> [WHAT NEEDS TO BE DONE]
Omit every picture, and retype the lines that run from the beginning of the data below through the line containing "Dies ist ein", inclusive.

> [DATA BLOCK]
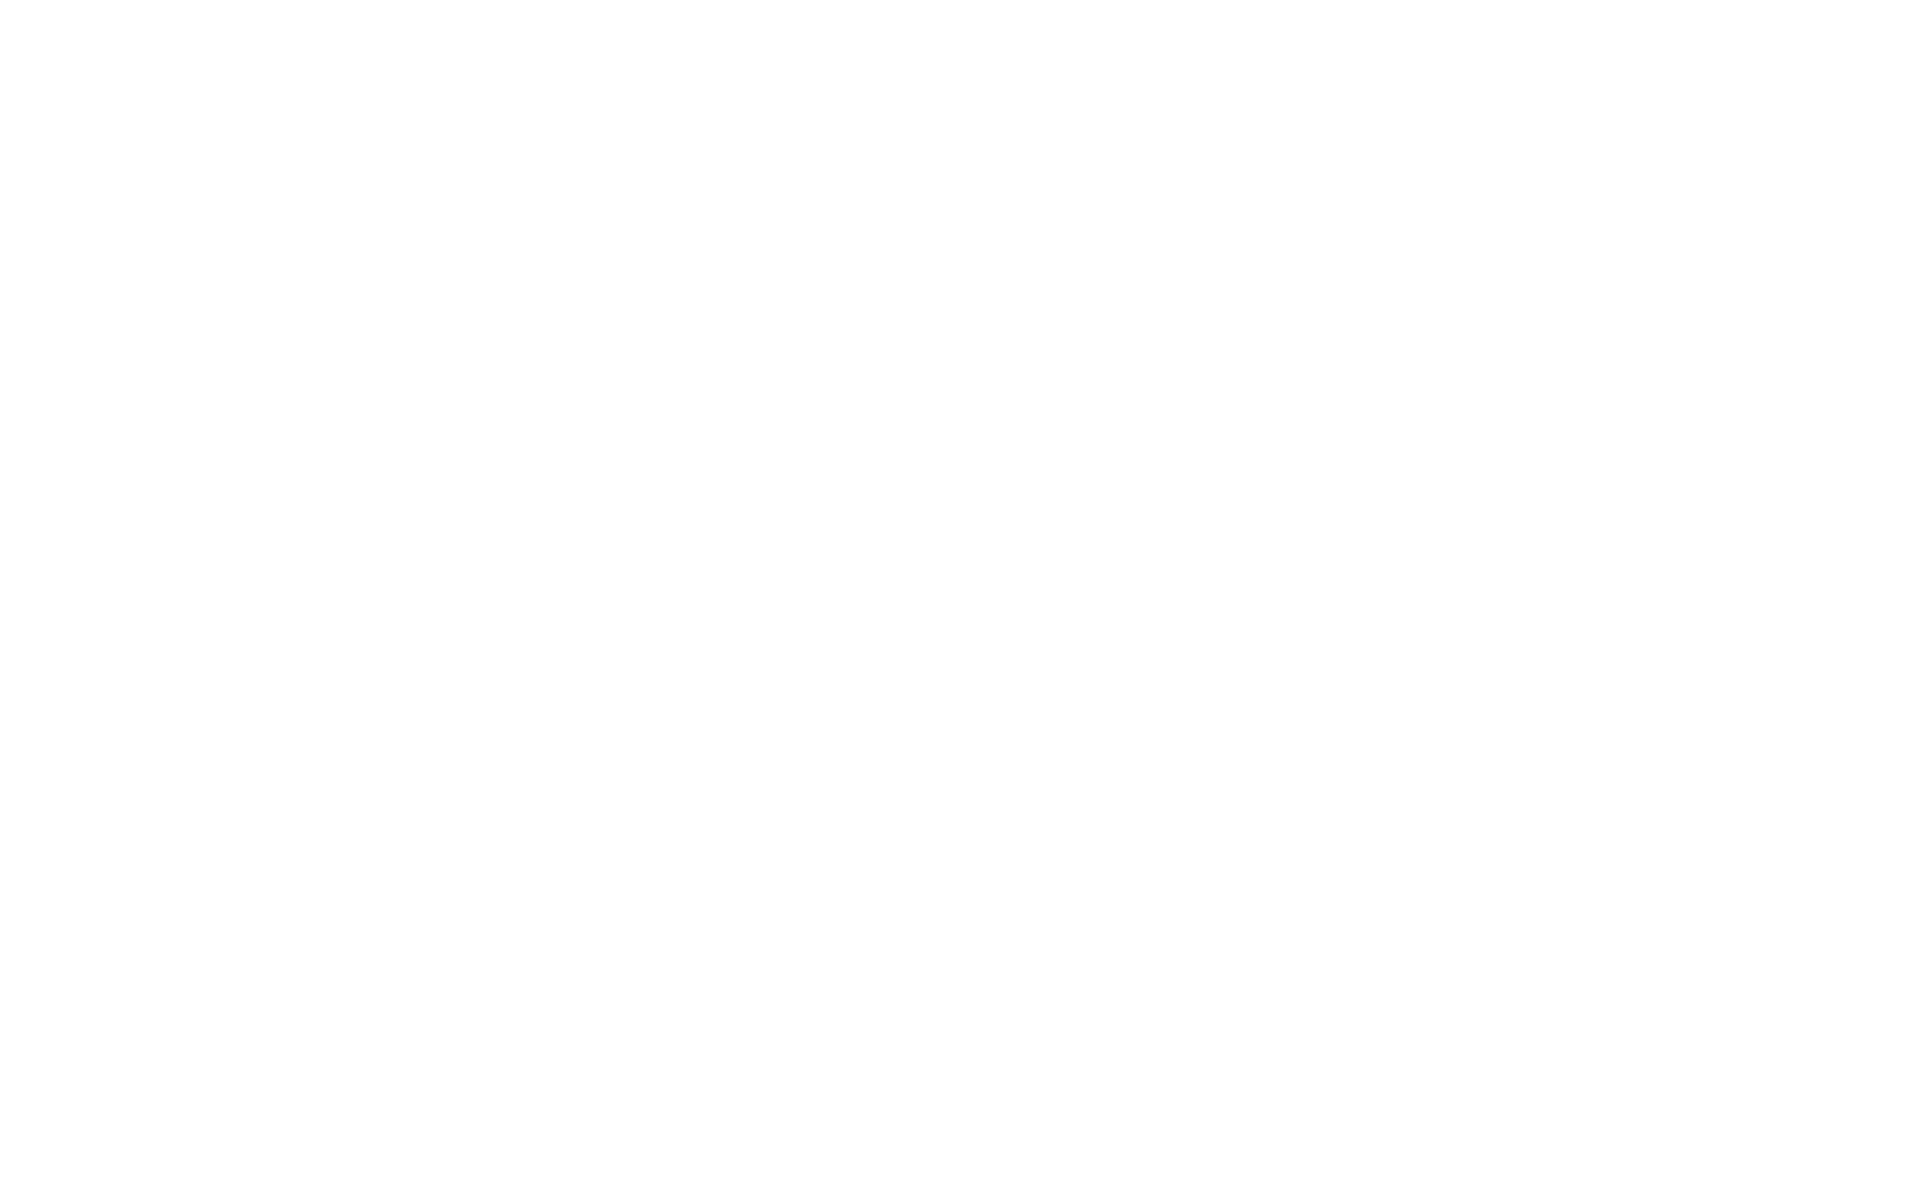 Cuervo_Tradicional_Cristalino_brushed_logo_white
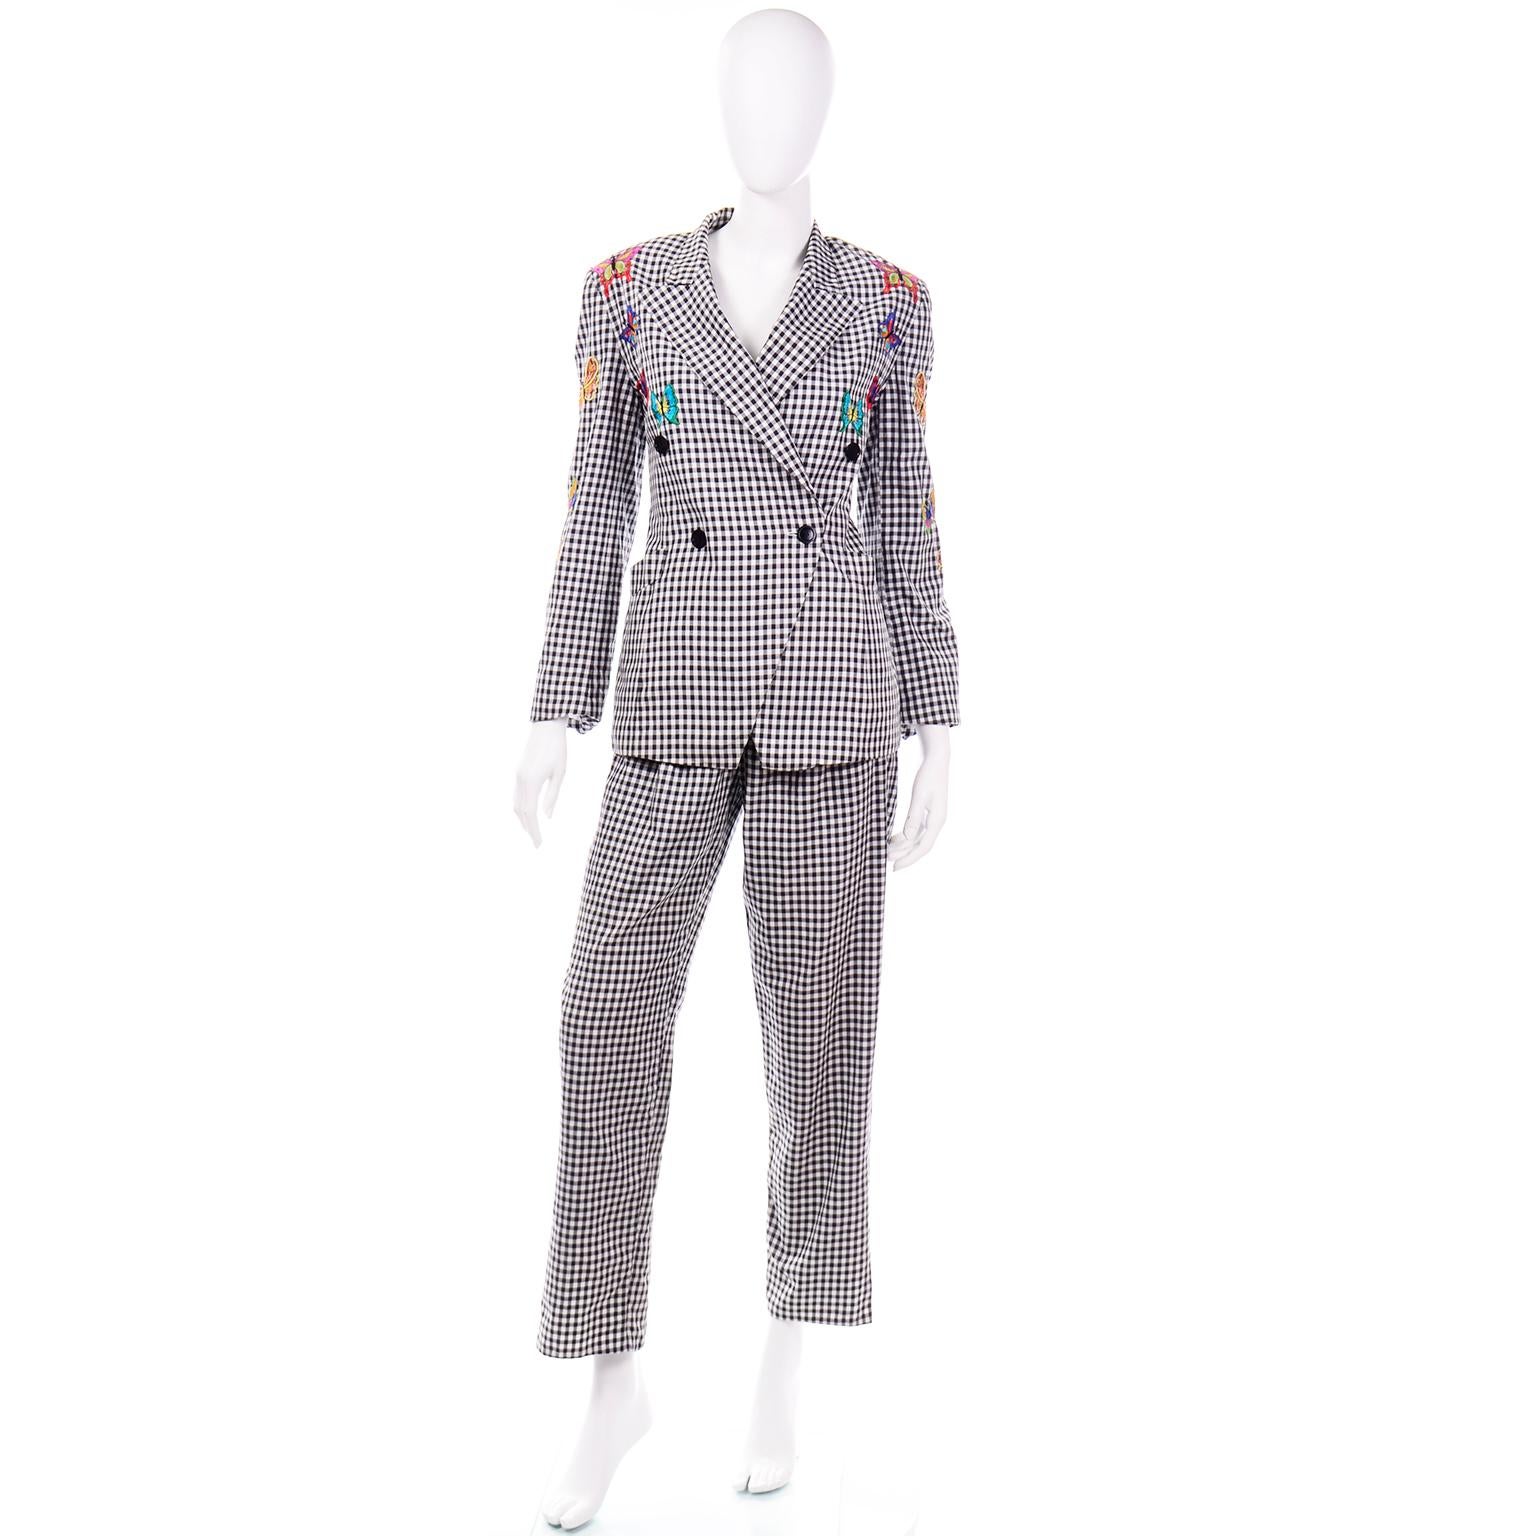 Dies ist ein Margaretha Ley für Escada 1980's schwarz und weiß Baumwolle Gingham Hosenanzug mit einem Blazer-Stil Jacke und ein Paar Hosen mit hoher Taille. Sie können diesen Anzug aufteilen und die Teile als Einzelteile mit bereits vorhandenen
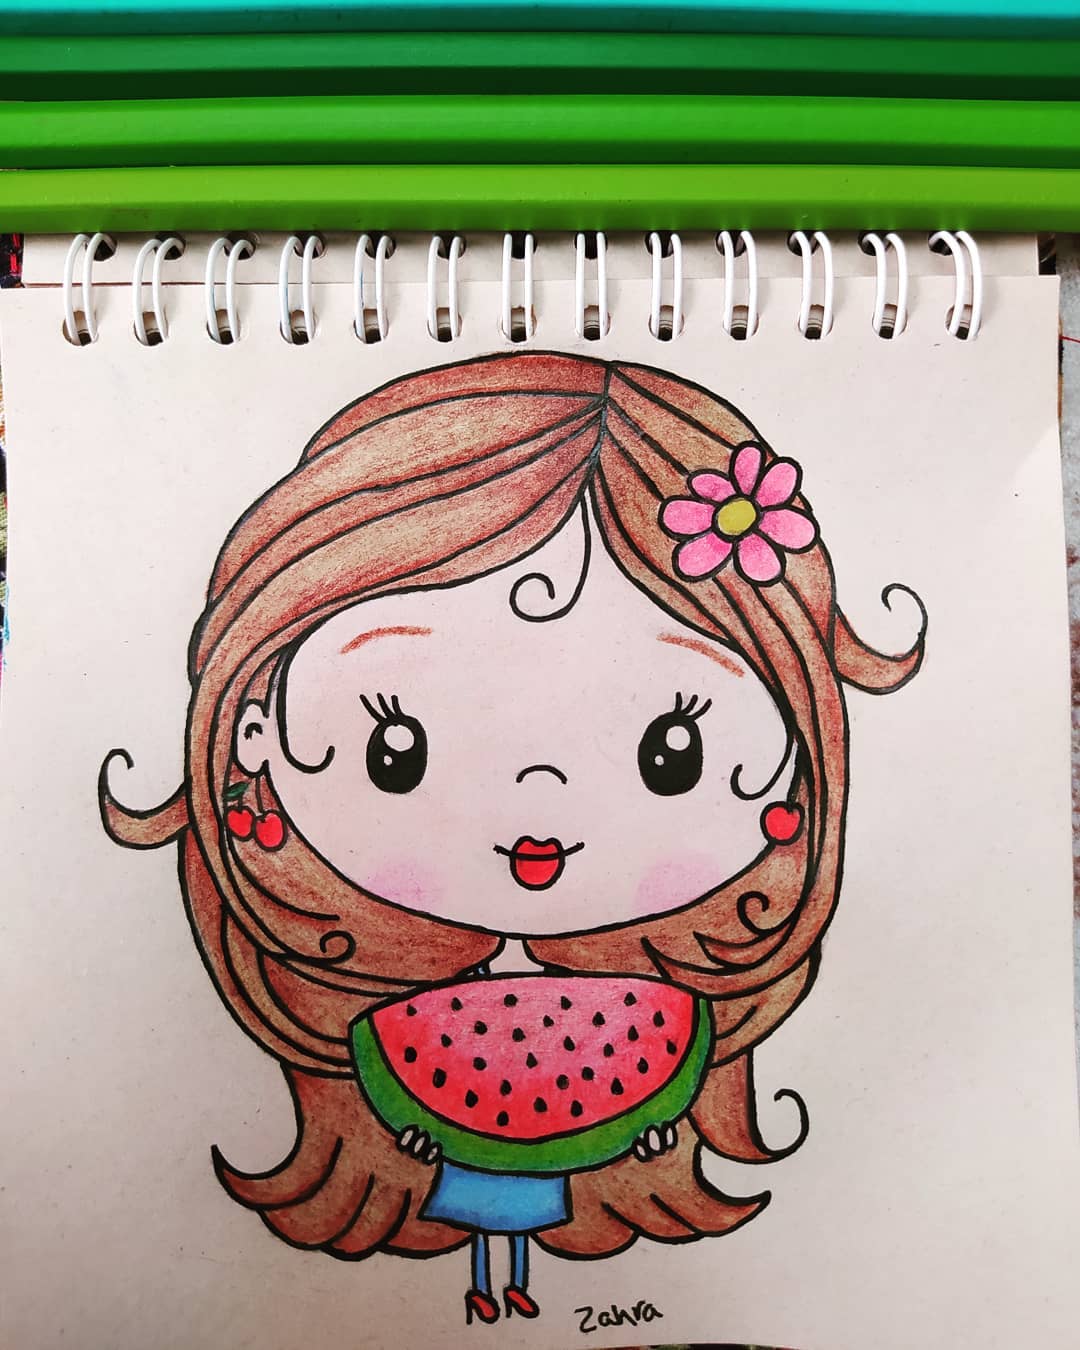 نقاشی دختر در حال هندونه خوردن

> [TASK SOLUTION]
 Cuervo_Tradicional_Cristalino_brushed_logo_white
 Dies ist ein Margaretha Ley für Escada 1980's schwarz und weiß Baumwolle Gingham Hosenanzug mit einem Blazer-Stil Jacke und ein Paar Hosen mit hoher Taille. Sie können diesen Anzug aufteilen und die Teile als Einzelteile mit bereits vorhandenen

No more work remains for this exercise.